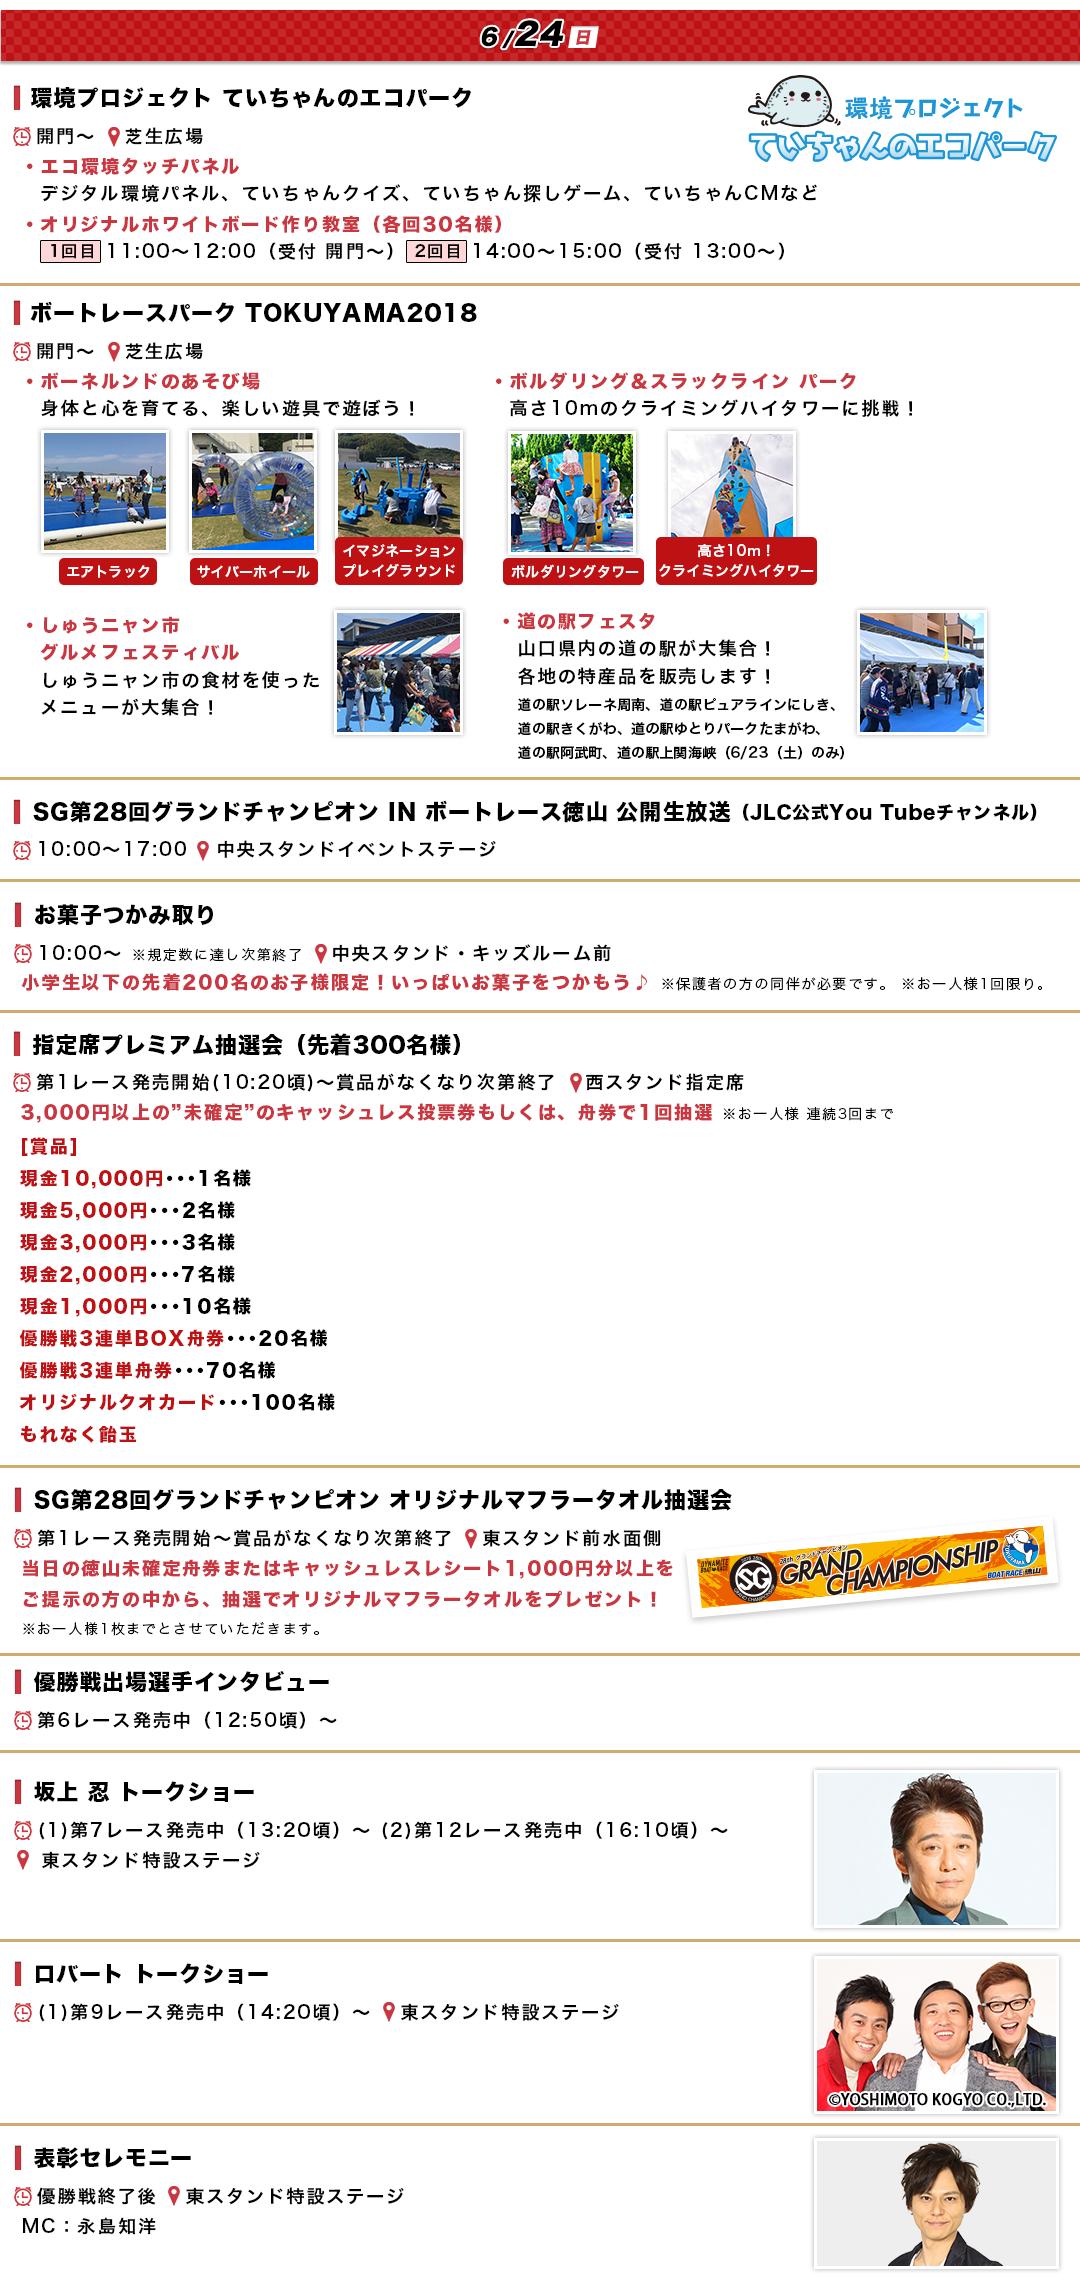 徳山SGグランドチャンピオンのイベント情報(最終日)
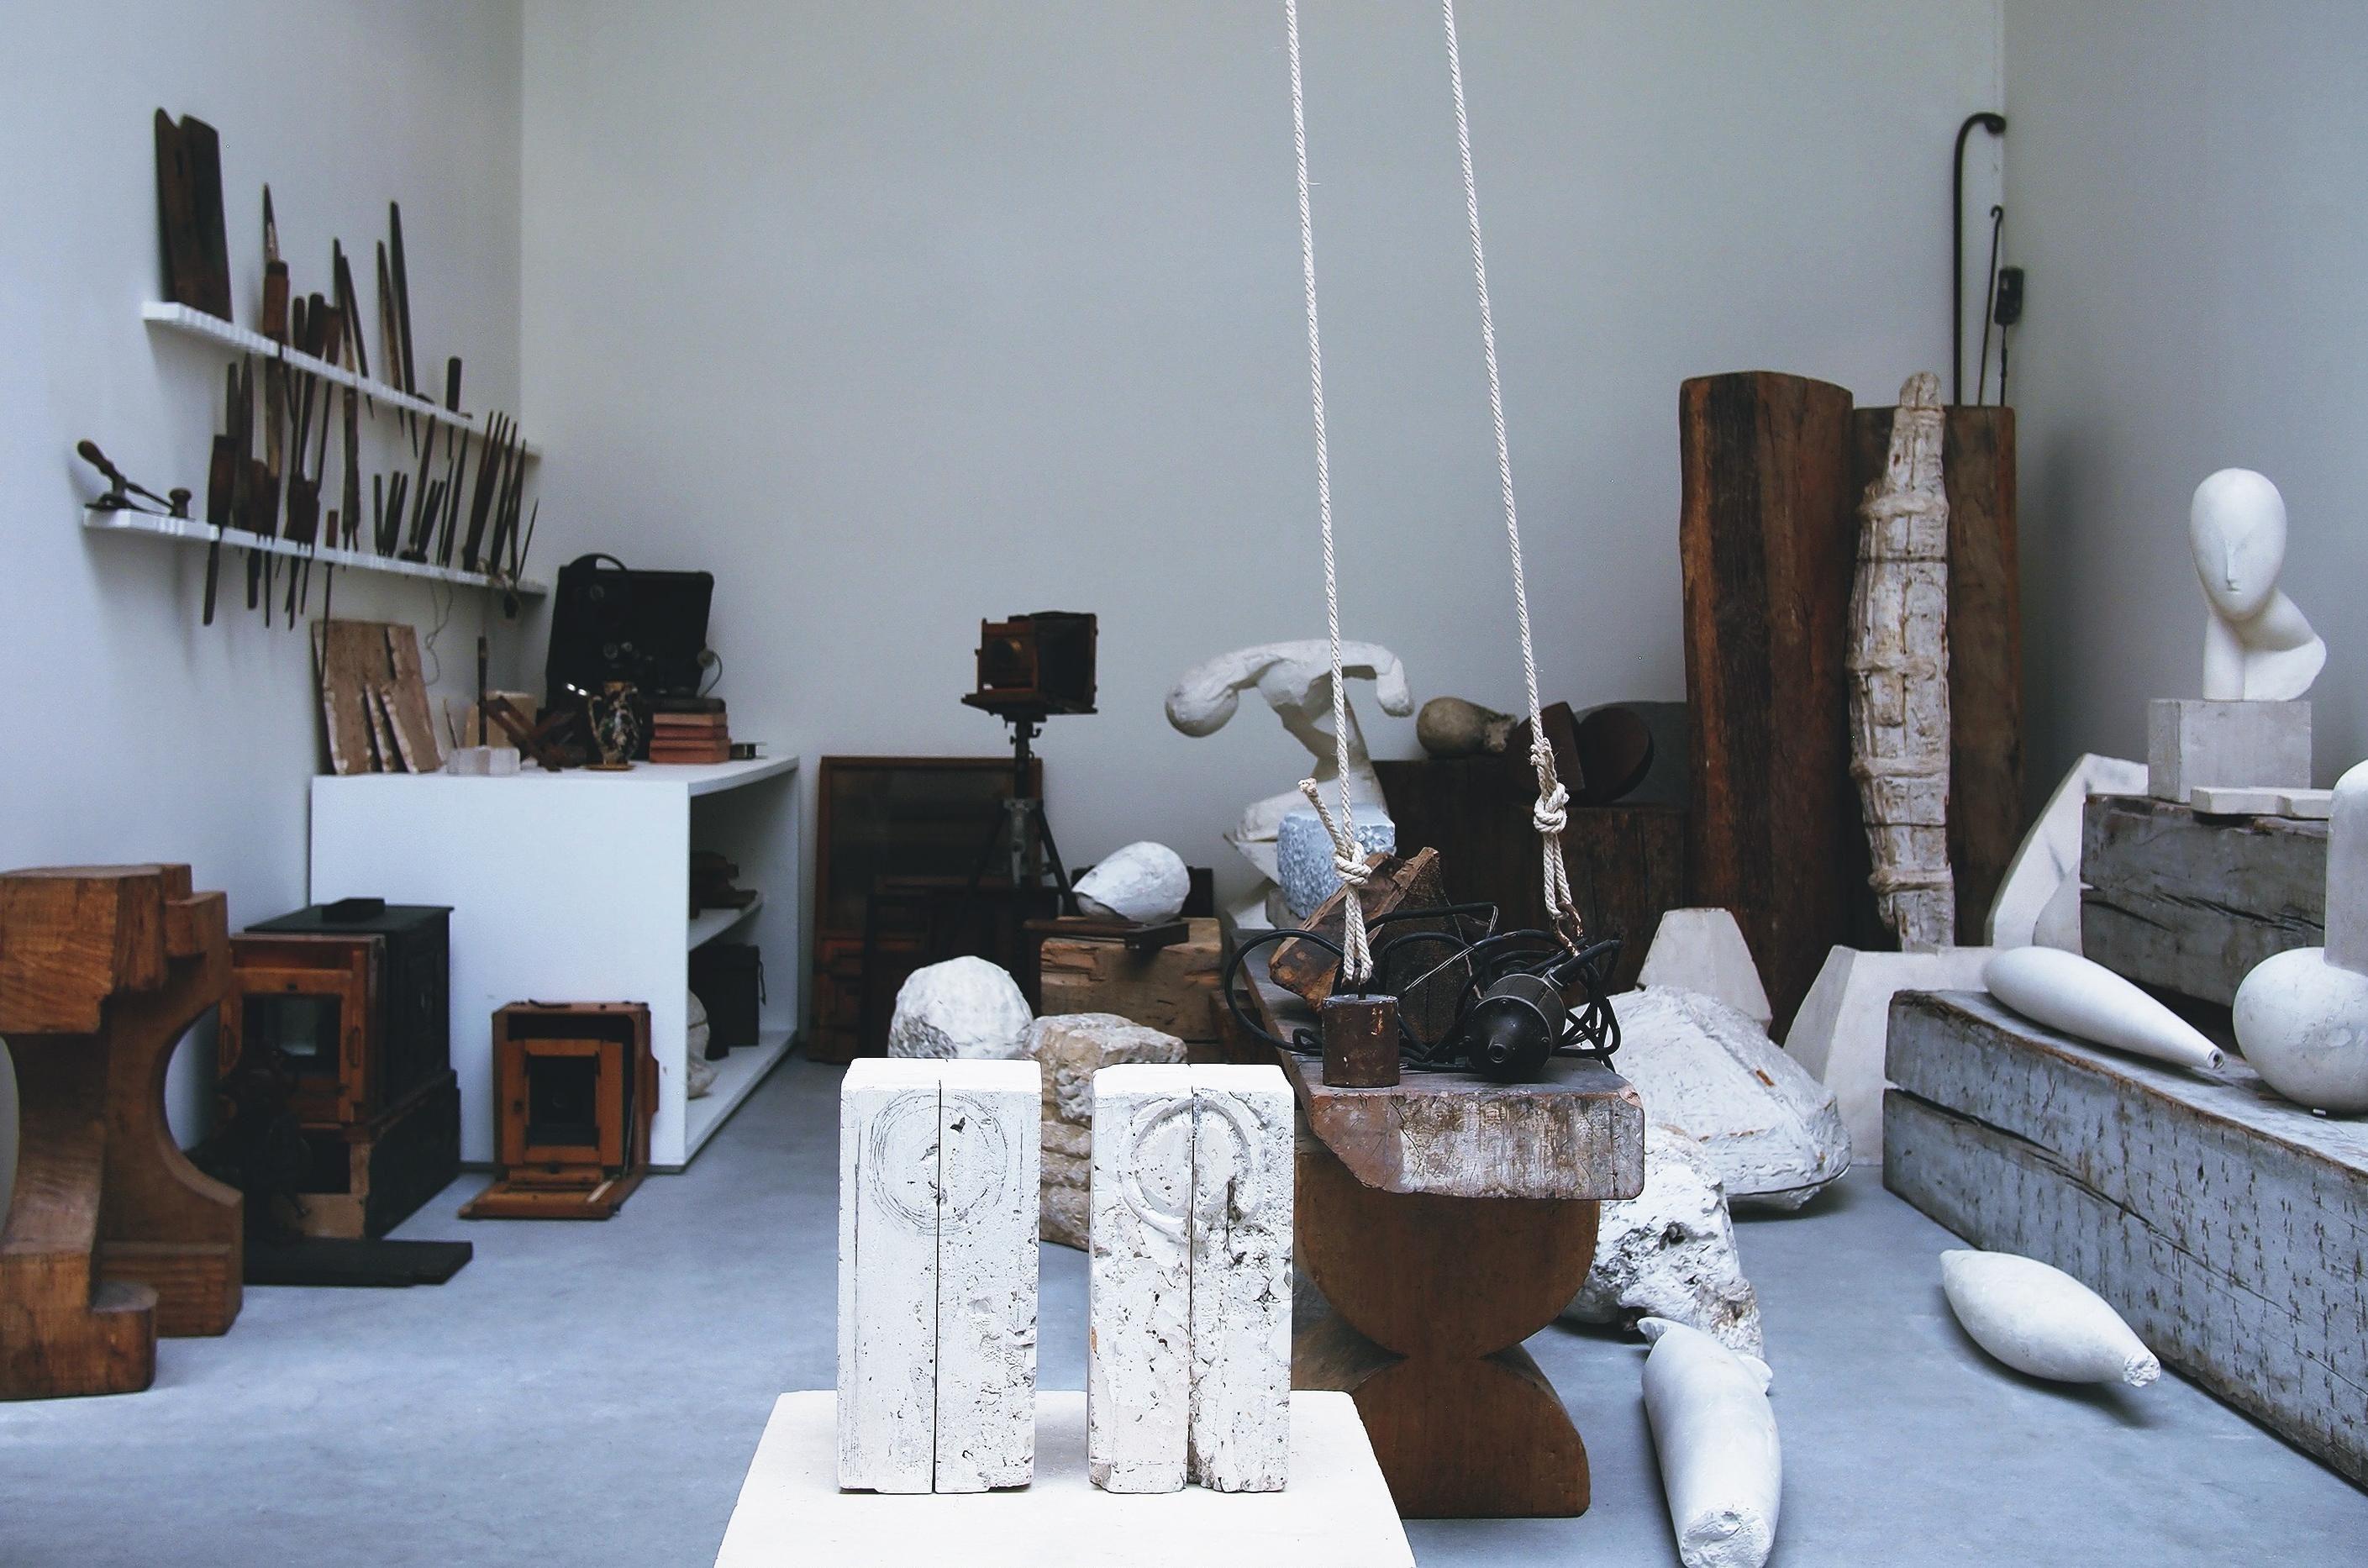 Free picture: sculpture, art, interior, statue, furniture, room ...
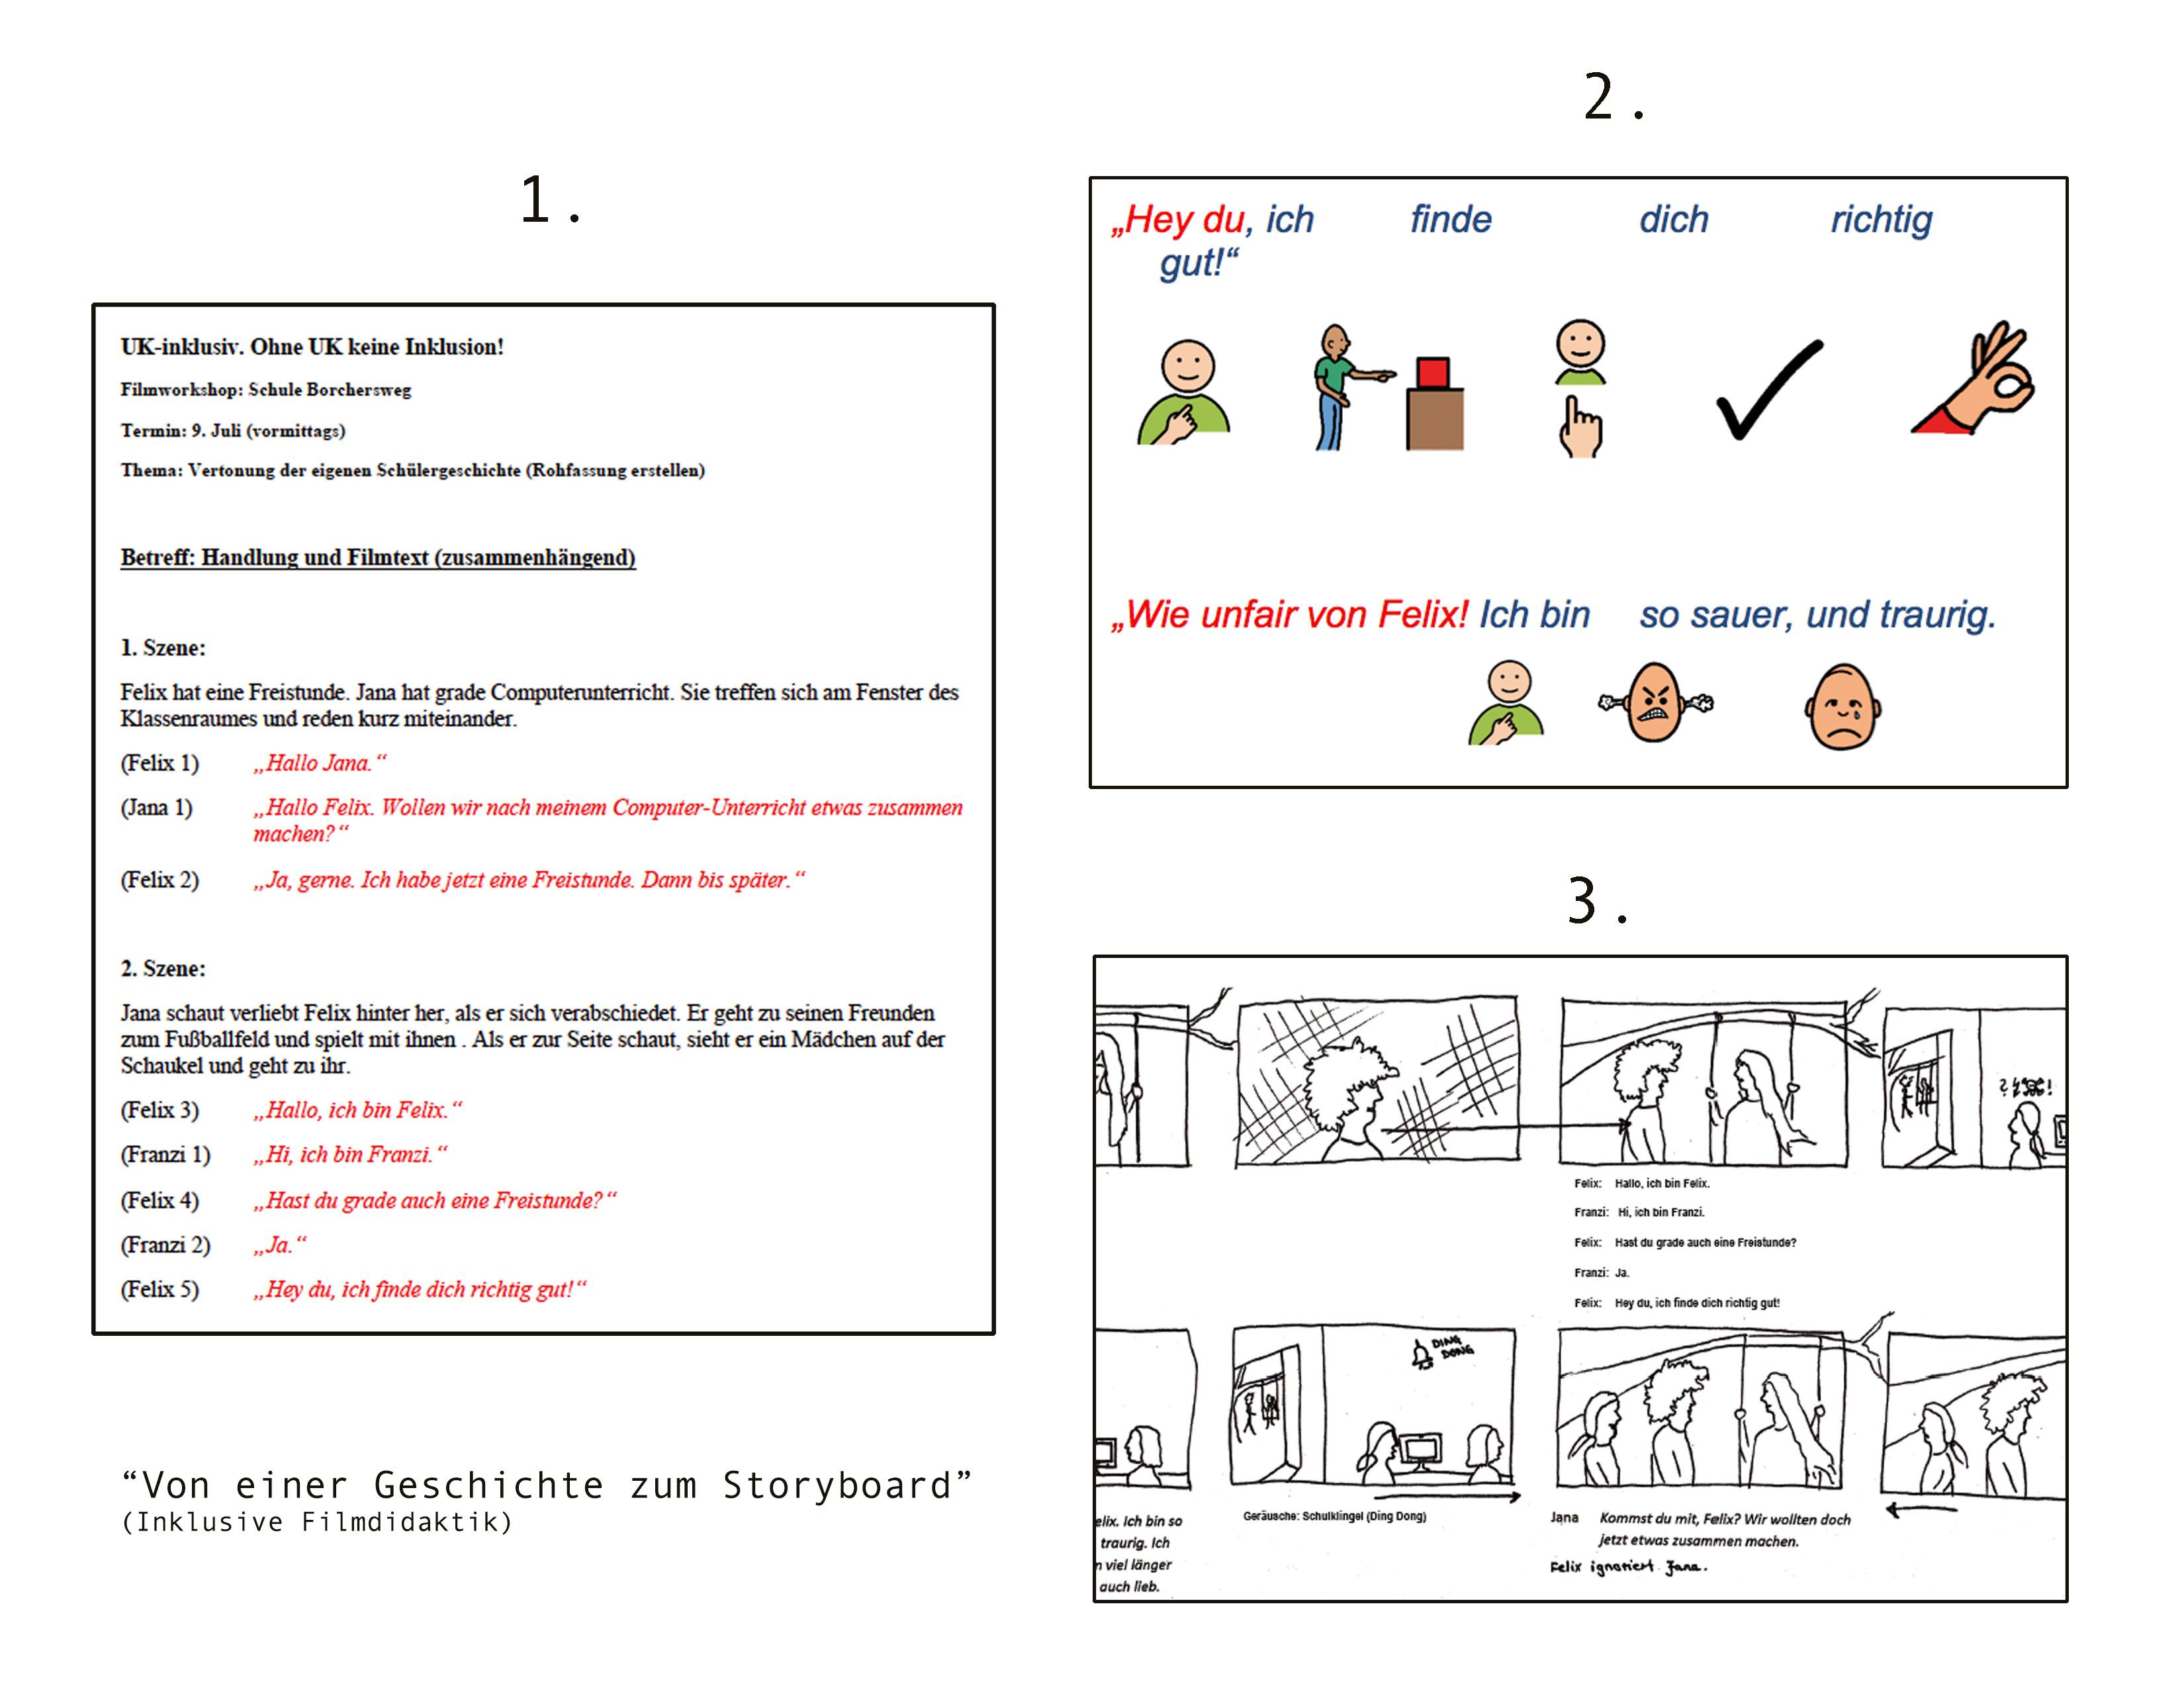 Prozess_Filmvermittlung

■ ■ ■ ■ ■ ■ ■

▸ **Work to be completed**
Omit the pictures and repeat the rest of the listing verbatim.

▸ **Answer**
 徳山SGグランドチャンピオンのイベント情報(最終日)
 Free picture: sculpture, art, interior, statue, furniture, room ...
 Prozess_Filmvermittlung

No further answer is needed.